Monday, August 11, 2014

Muster

A year ago in July and August, I had a very difficult summer.  I had extreme anxiety and jitters, countered with extreme exhaustion.

On the one hand, I would be unable to hold still, with impulsive bursts of energy in which I would start painting a room or start driving cross-country at 10:30 at night.  On the other hand, I would completely crash in total exhaustion.   All my senses were on hyper-alert making me so anxious and paranoid that sometimes I was afraid to drive on the freeway at all.  Getting out of bed, going to work every day, attempting any activity that required any sort of exertion was totally daunting.  Being on constant high-alert, no matter how much sleep I got I could not manage to recharge my batteries.  

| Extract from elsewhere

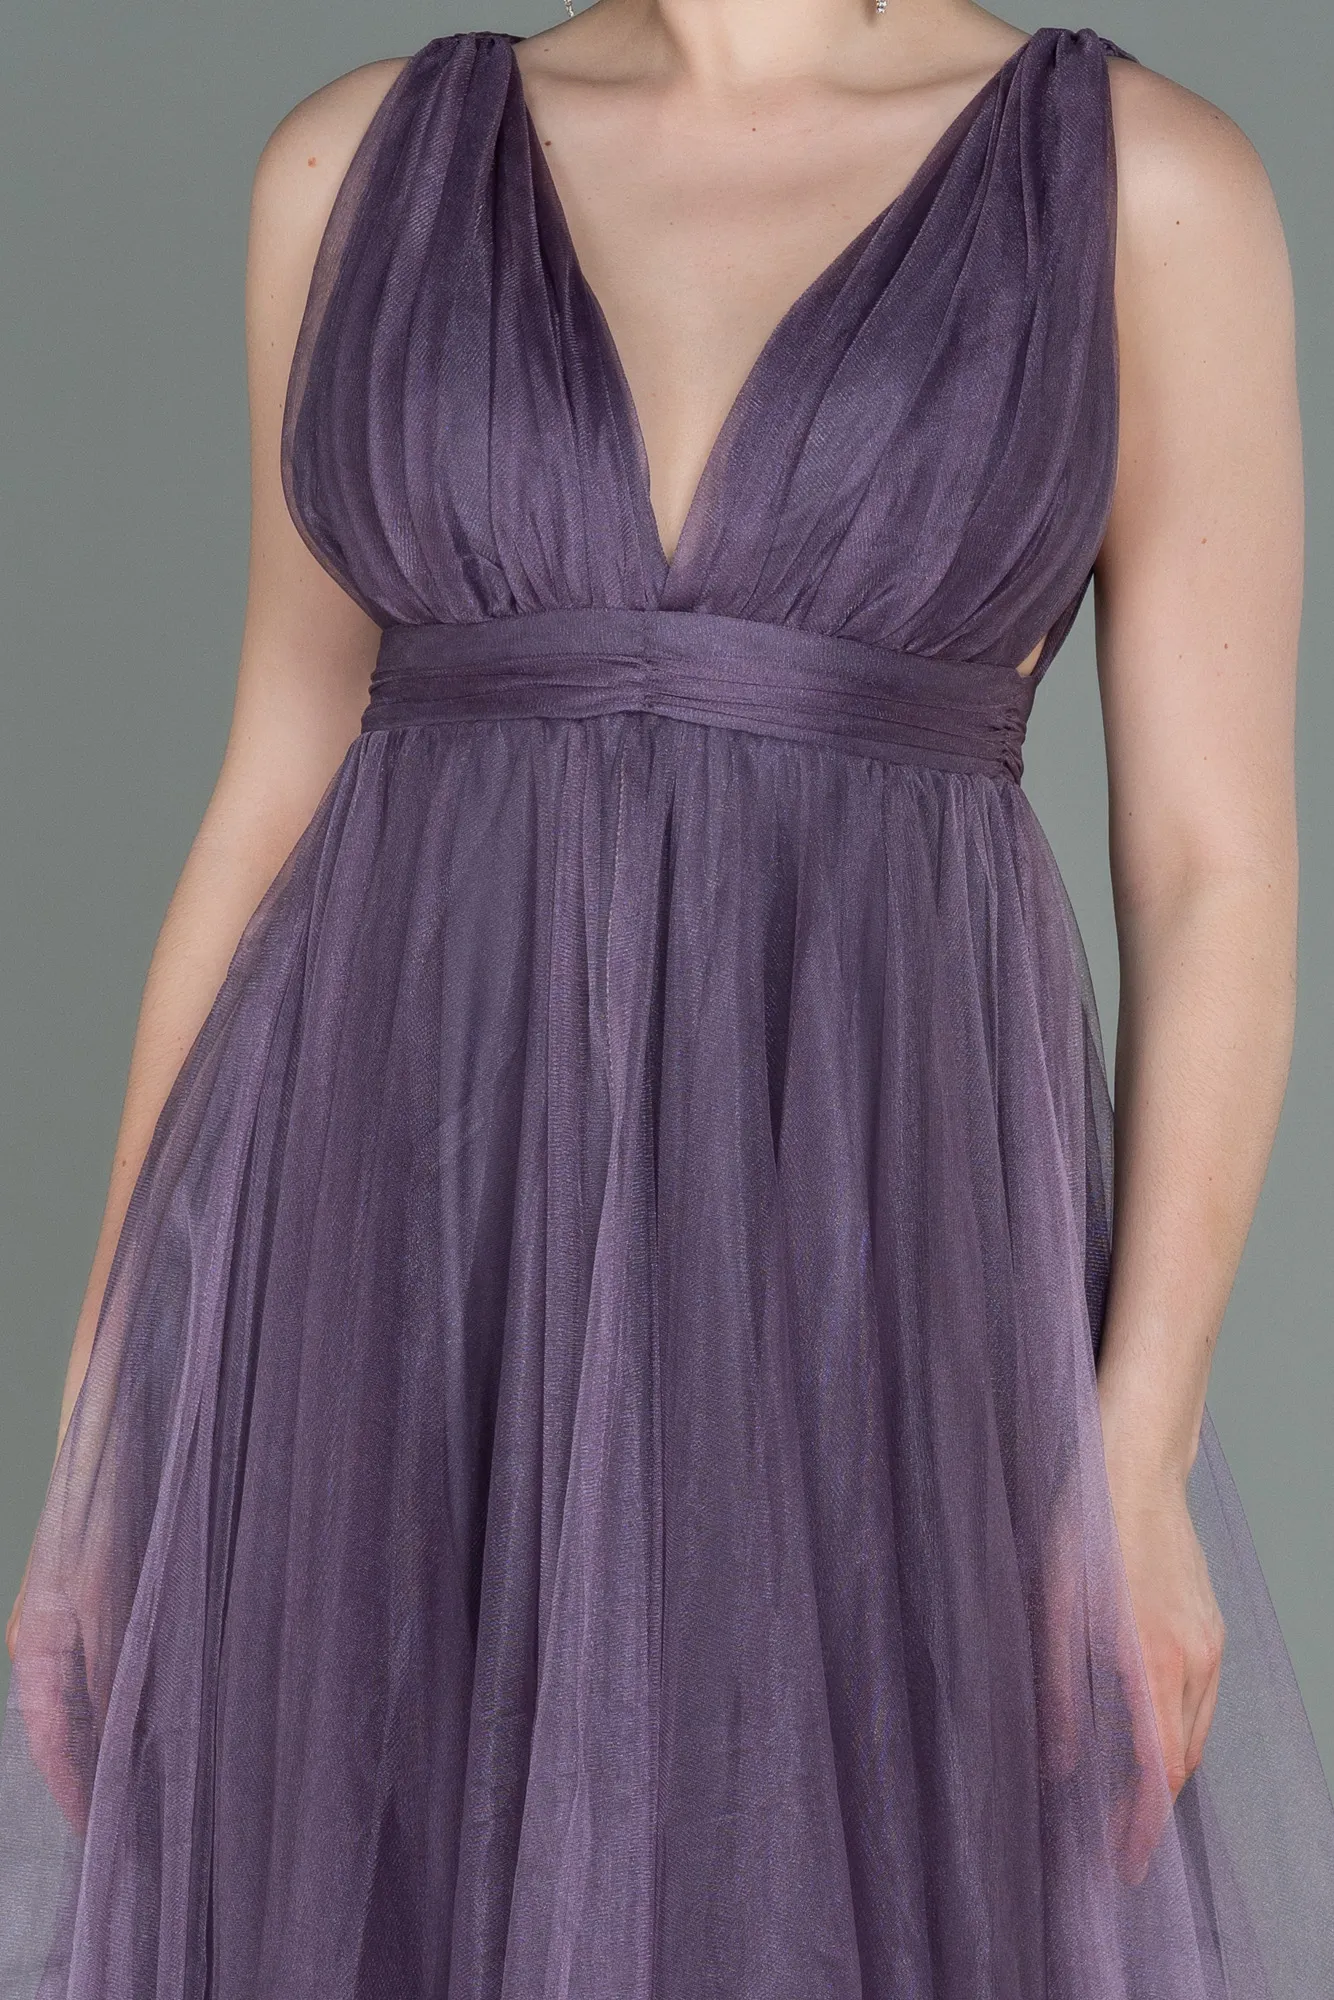 Lavender-Long Prom Gown ABU3135

That summer we saw fireworks, I ran a 5K on the spur of the moment, we went on a 1600 mile road trip, I took the kids camping, I painted the basement, we entertained company, and more.  But all I remember was constantly having to muster energy hour by hour, and really just wanting to sleep all the time. We'd make plans for the evening, and I'd have to take a nap before I felt like I could go. It was kind of like the exhaustion I felt when I was newly pregnant, and I wasn't pregnant.  Combine that with the depression I was already experiencing--with a financially difficult year, moving, and two job changes--I felt like a total mess.

It wasn't until my sister and I compared notes on a new medication we had both tried that I connected the dots.  She had had similar side effects to my mania/exhaustion, and it was like a light-bulb turning on. In June I had started taking Abilify.  Abilify is a medication that is supposed to augment the effect of anti-depressant medications.  Instead, it had the effect on me of amplifying my anxiety and depression, and making me even less energized than my already low-energy self. The same thing had happened to my sister.

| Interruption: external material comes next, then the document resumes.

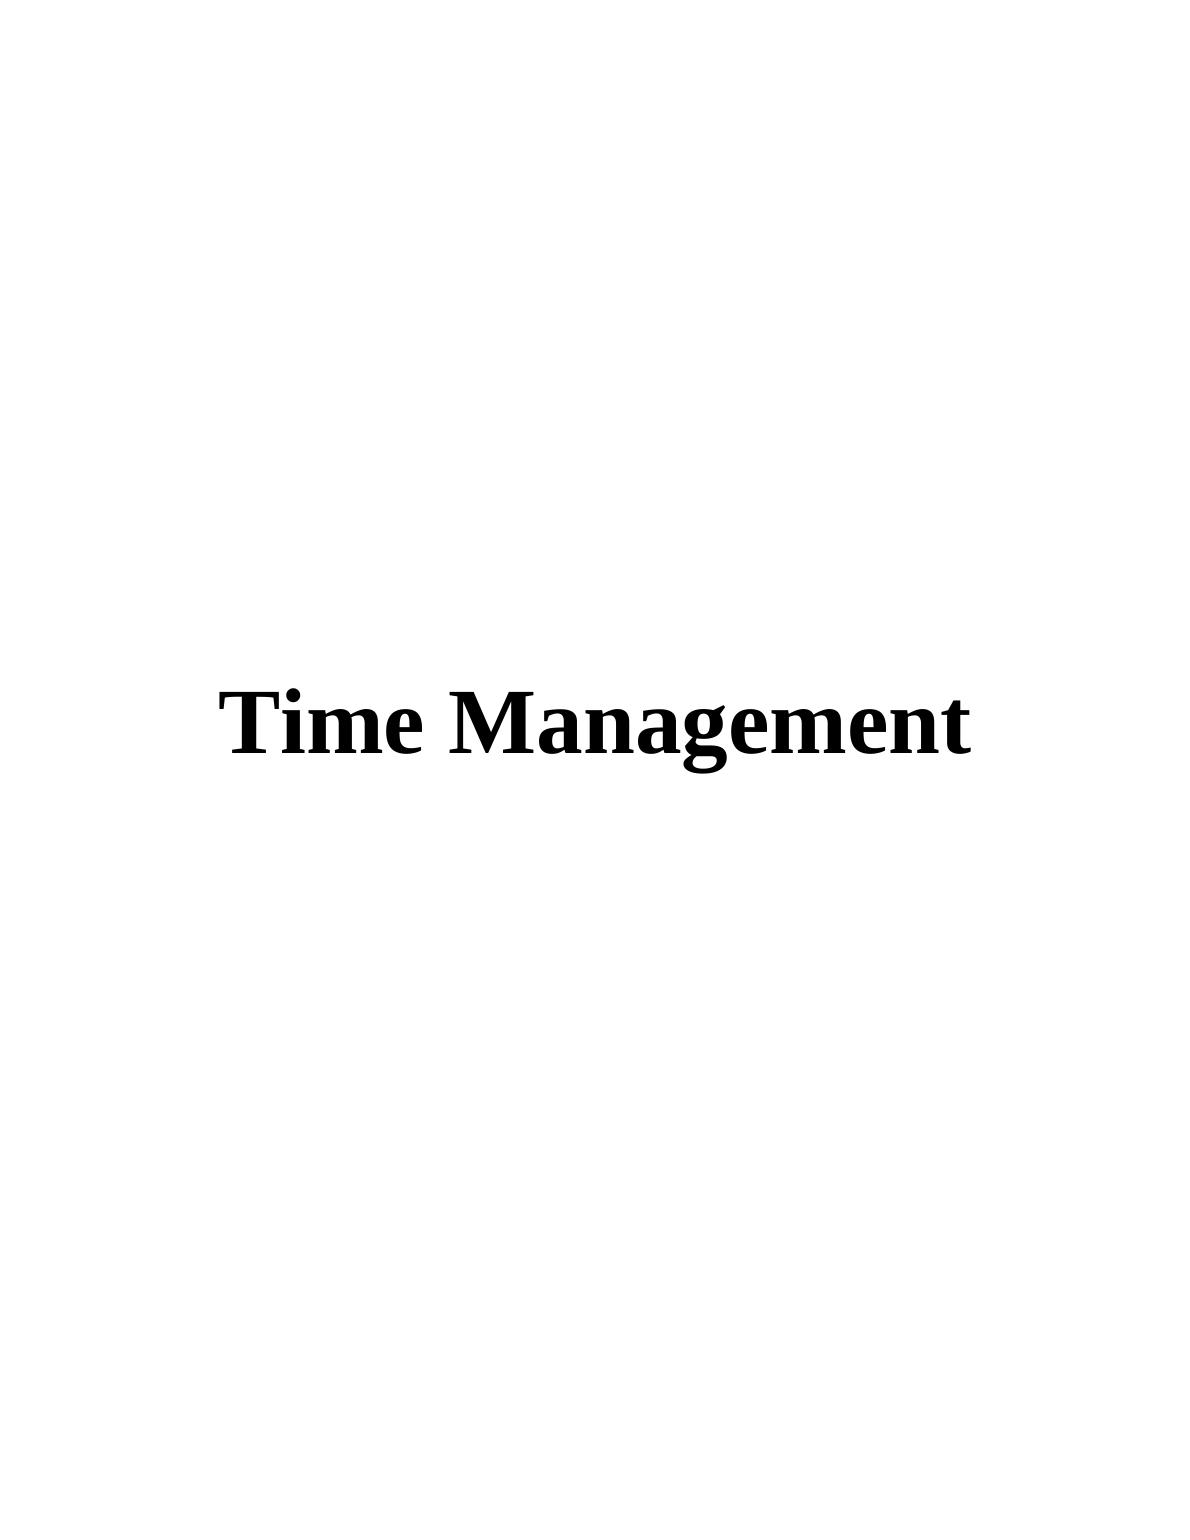 Time Management in Nestle: Current Offerings, Target Market, and SWOT Analysis_1

Flash-forward to this summer.  I also painted a room, saw fireworks, went hiking, went camping, spent time at the pool, and entertained company.  Yeah, I'm tired, but I feel much different. Looking at the stark contrast from last summer to this has been surprising. I've been able to enjoy family activities and work on projects without completely depleting myself.  I may not be the most energetic person to begin with, and I have had depression for a long time, but I feel more like myself now than I did a year ago.

I just keep looking back at last summer as lost time.  Everything that has happened this year seems to be defined by how it is different, and better, from last year.  My Abilify trial (and failure) has created a reference point for me.

Since then, I have found a good balance of medications that allows me to be functional, happy, and hopeful, and I feel a little bit like me!

3 comments:

Thom and Jamie Stansfield said...

Yay! I'm so happy for your success! I hope it continues for years to come!

Anonymous said...

Glad to hear you are feeling so much better. Enjoy every minute of the summer with those cute kids. We wish we could be there to share some of it with you.

Dad & Mom

Rebecca Reid said...

That is the worst part of depression...that you can't get back the time. It's like you were in the dark and the light comes on. I just think of life in terms of "and it came to pass...." Those dark days do pass. It's hard to look back and remember when Paul was 1-3 and I was in a similar state, but now I can make up for it a little bit. Hang in there. I am glad you are better this summer.